Might be snakewood without the snake eye pattern.

Chris


----------



## PenWorks (Jan 22, 2005)

It does look like snake wood with our the eyes, but you wouldn't be finding snakewood at a gun shop. I would bet Goncalo Alves as well.


----------



## Old Griz (Jan 22, 2005)

The burning rubber smell and density might make me believe it is desert ironwood.. have never gotten that smell from Gongalo Alves... I know that desert ironwood absolutely stinks when you turn it..


----------



## wayneis (Jan 22, 2005)

Could also be Cocobolo with the orange like that.  Don't really remember it smelling like that though.

Wayne


----------



## woodpens (Jan 22, 2005)

I was thinking Cocobolo also. However, it has that "underground" look like Thuya and Desert Ironwood. The color and figure do look like some Cocobolo I have in my shop.


----------



## wscrivens (Jan 22, 2005)

> _Originally posted by Gary_
> <br />Goncalo Alves maybe? It might help to identify it if you would sand one side and repost the pic.



Here are scans of sanded sides and a quick coat of sealer on one half.
I talked to my son (who got the wood for me) about the various suggestions you have made, and he said desert ironwood is frequently used in guns and smells bad when you work it.

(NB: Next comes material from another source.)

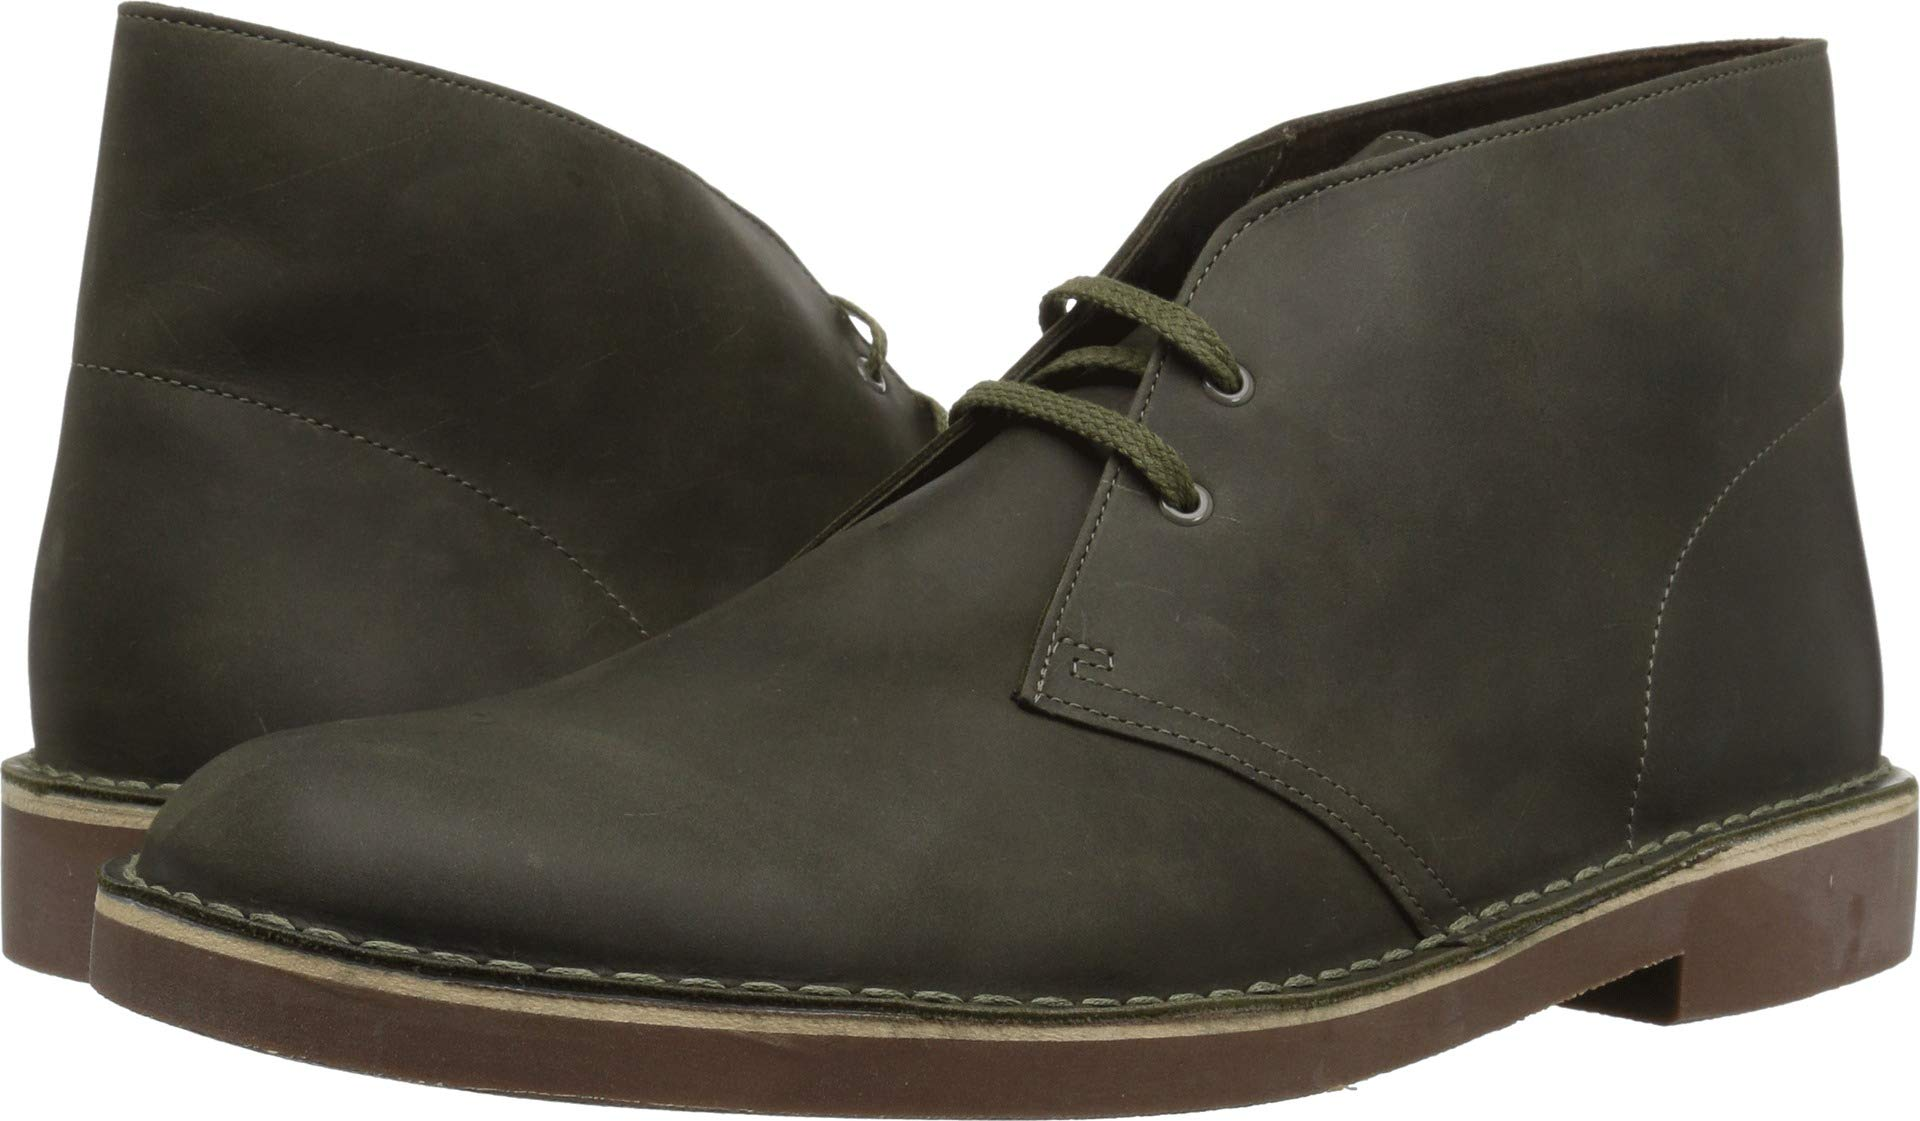 CLARKS Men's Bushacre 2 Boot, Dark Olive Leather, 075 M US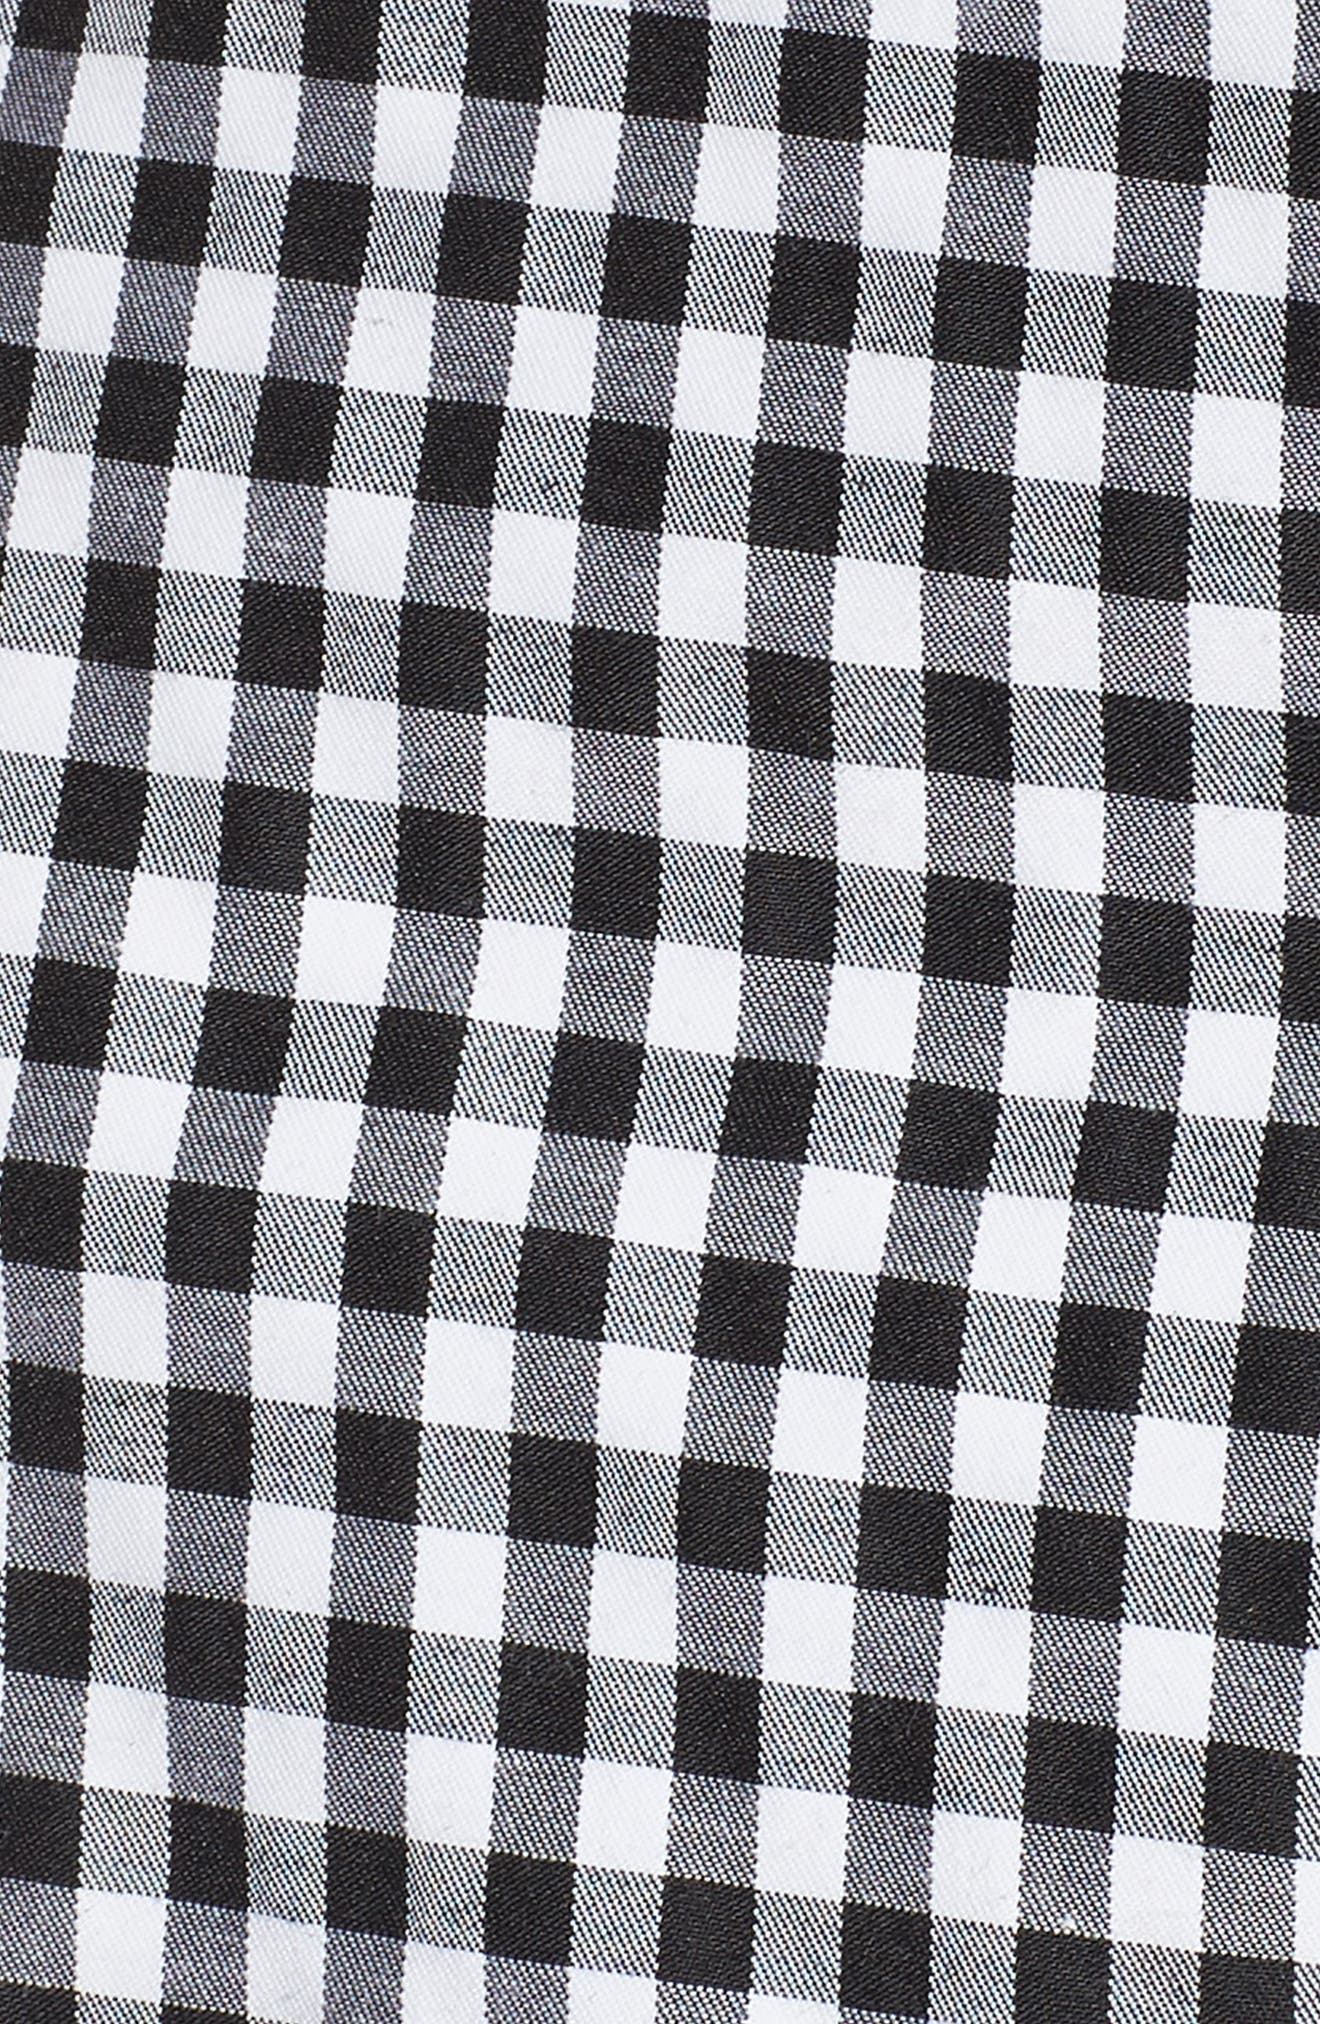 Buffalo Check Off the Shoulder Blouse,                             Alternate thumbnail 5, color,                             Black White Gingham

Many thanks to all of you!  

Walt


----------



## Gary (Jan 22, 2005)

He is right in that goncalo alves, desert ironwood and cocobolo are all three often used as pistol slabs. I've turned all three, and I do remember that the desert ironwood has a strange ordor to it. Looking at the pics with the sealer, I would bet that is what it is.


----------



## jwoodwright (Jan 22, 2005)

That was my suggestion as well.  Let's rename it "Stinky HardWood"...[]


----------



## ilikewood (Jan 31, 2005)

I've got both Cocobolo and Chechen that looks just like it.  Both are hard and heavy and have "unique" smells.  Cocobolo almost smells like burnt cinnamon.


----------